Twins in the doorway
faces for names,
masks cover meanings
sly and insane
with feelings for features
and pinpricks for eyes
the blindess that masquerades
the telling of lies;

--one runs up before you to show what she's found

but the other one will kill you if you don't turn around--

--the happiness stamped onto one's painted face

melts into derision as the other takes her place--

splitting persona,
a dichotomy of you,
now you're confused as to what you should do:
break through the window or call-in the crime?
the heart on the sleeve or a sly pantomime?
consider the prose or descend into rhyme?
slam down the phone or stay on the line?

you must decide if the decision is yours,
you have to choose if you've any recourse,
to madness that's mindless or passion with pain,
subordinate kindness or tears in the rain.

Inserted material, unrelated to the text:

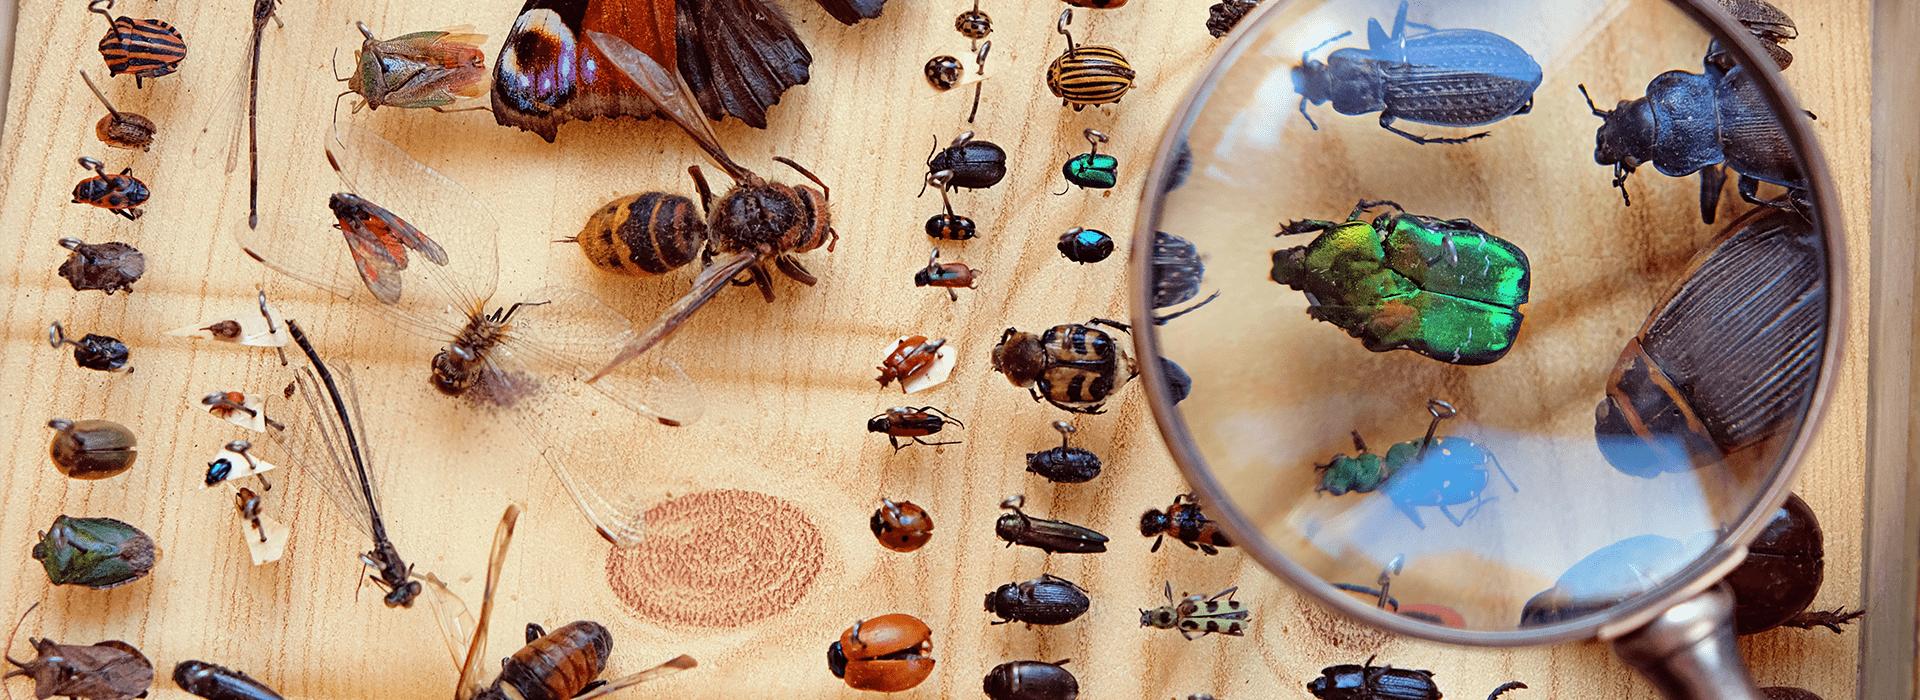 an entomology display case in melbourne florida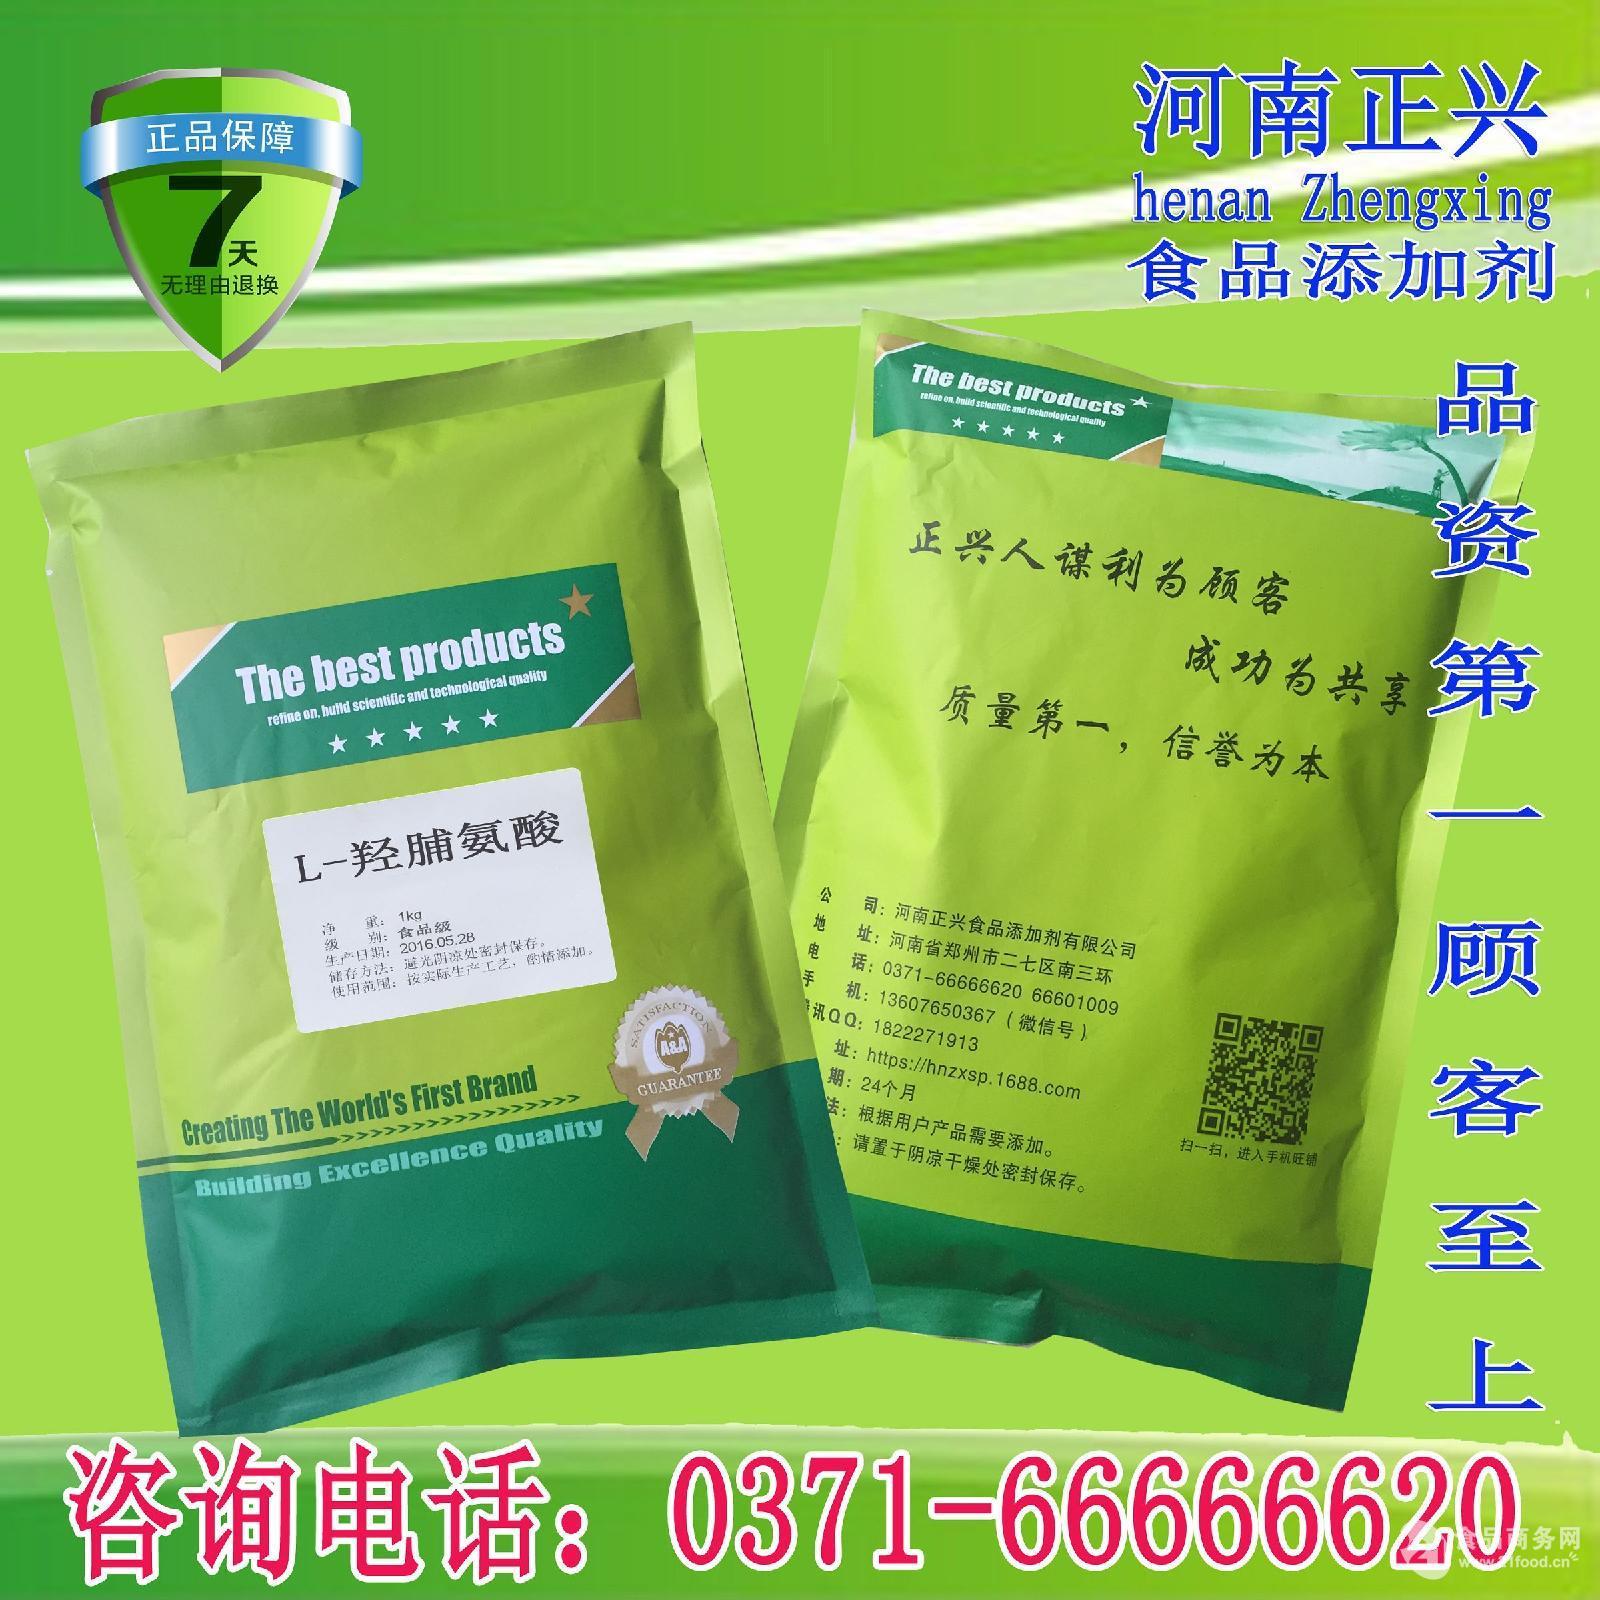 厂家直销 L-羟脯氨酸 99% 质量保证

i cannot tell, i cannot say,
it isn't for me to get in your way,
to ask you to work or beg you to play,
or remind you of who you were yesterday,
you mold your thoughts and they harden like clay:

So just who will you be today?

E.F. Bensen, a late-19th-to-early-20th-century horror writer, wrote a short story called "How Fear Left the Gallery," about a pair of ghostly twins whose appearance in the doorway of a certain room in a certain house forebode hideous death. The twins had been murdered by their uncle, who had killed their father and married their mother for wealth.

Possibly the scariest thing in the classic horror movie,
The Shining. Those twins with blue dresses and blank faces who appear standing still in the long hallways and in the doorways of that house haunted me when I closed my eyes for a long time after watching that flick.